▶ [THE DATA]

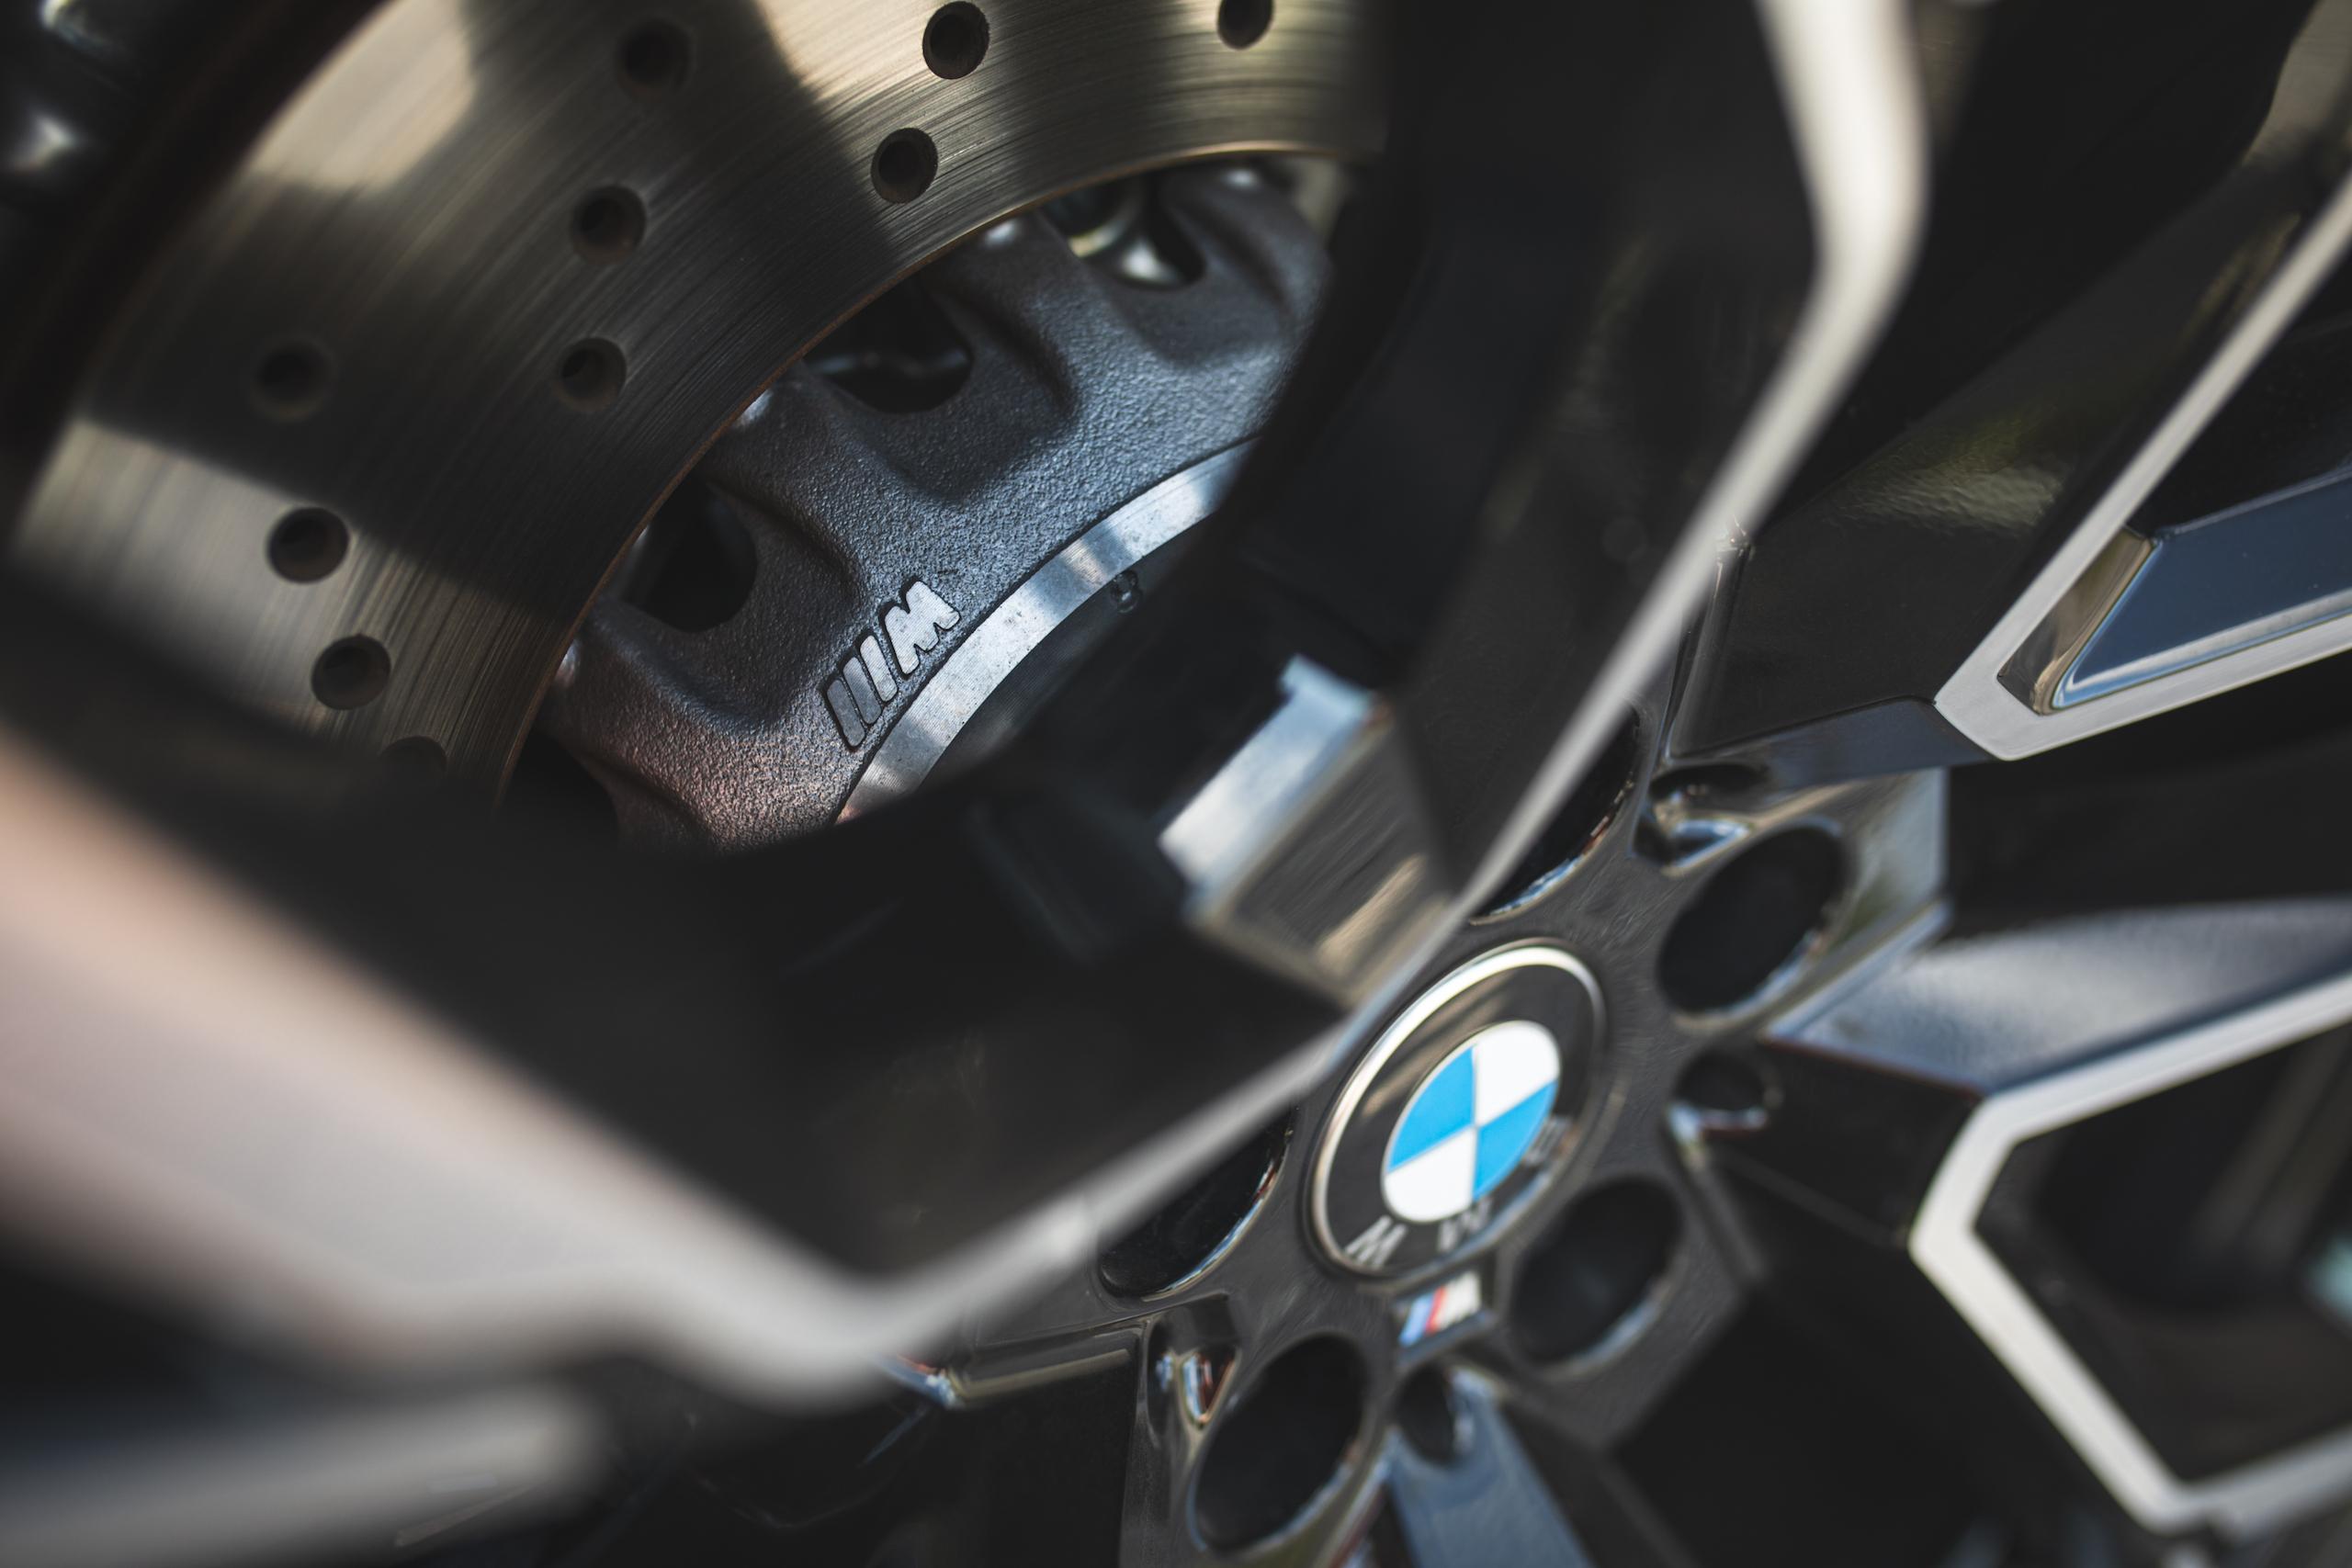 bmw x5m wheel hub caliper detail close
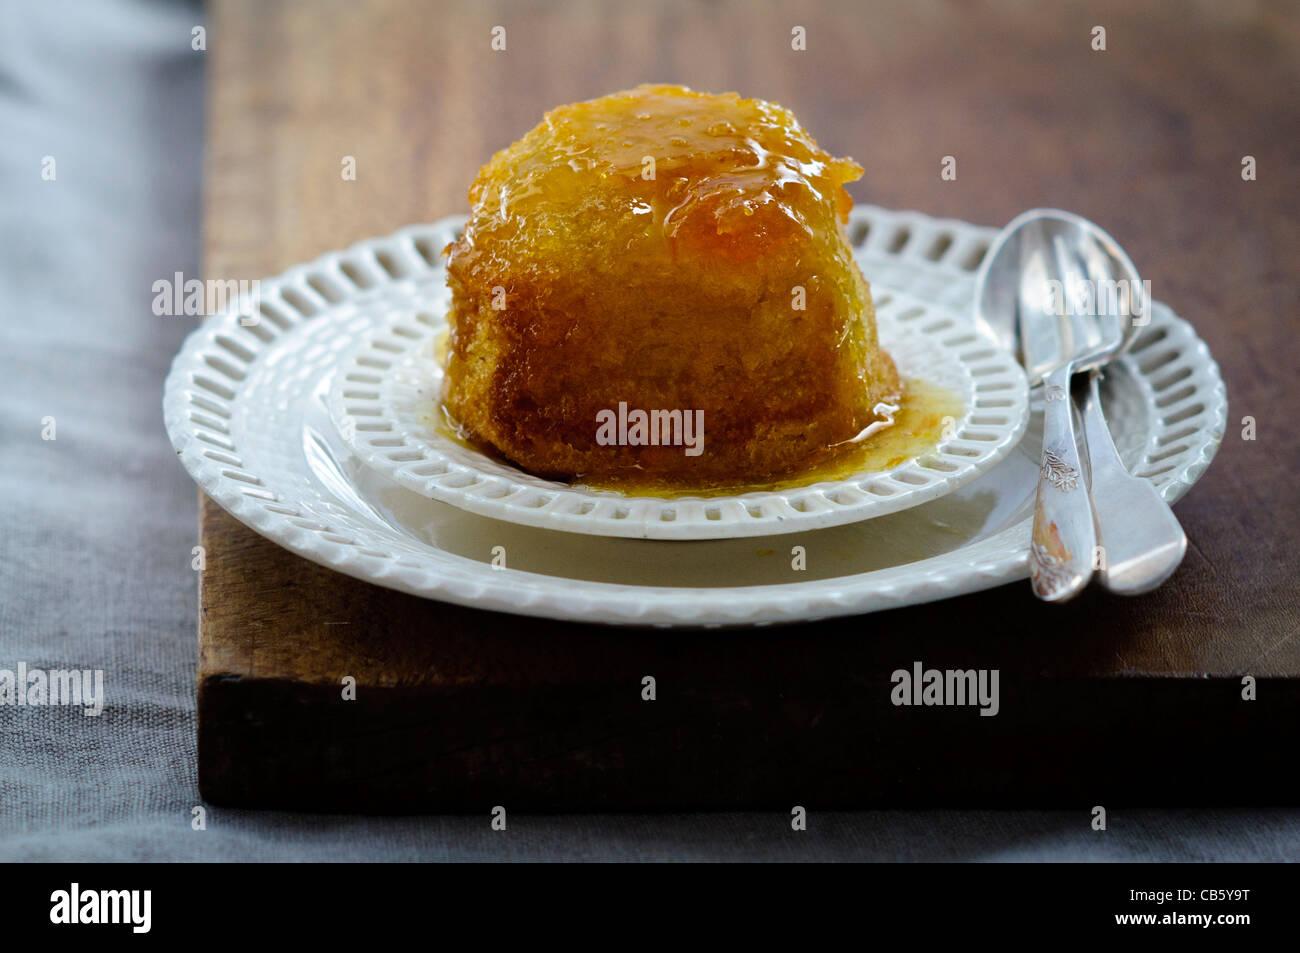 gerne St Clements Pudding auf Creme Band Platten mit Vintage Besteck. Stockbild
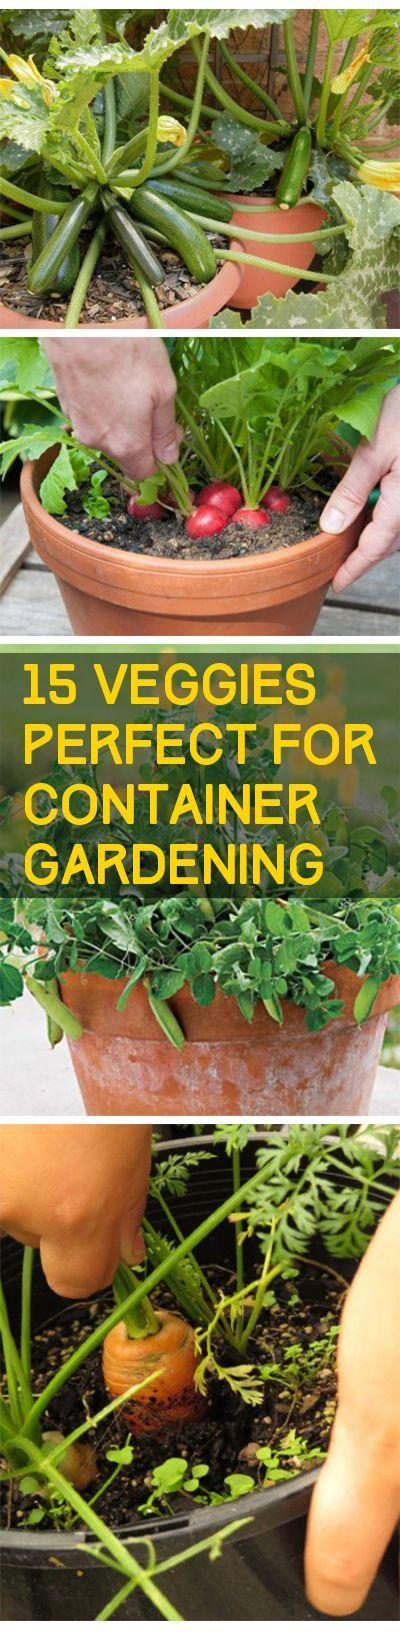 Container Gardening Veggies: list, tips, ideas-Blessmyweeds.com

▶ [EXERCISE BRIEF] With the pictures omitted, the material is to be transcribed exactly.

▶ [THE ANSWER]
 bmw x5m wheel hub caliper detail close
 gerne St Clements Pudding auf Creme Band Platten mit Vintage Besteck. Stockbild
 Container Gardening Veggies: list, tips, ideas-Blessmyweeds.com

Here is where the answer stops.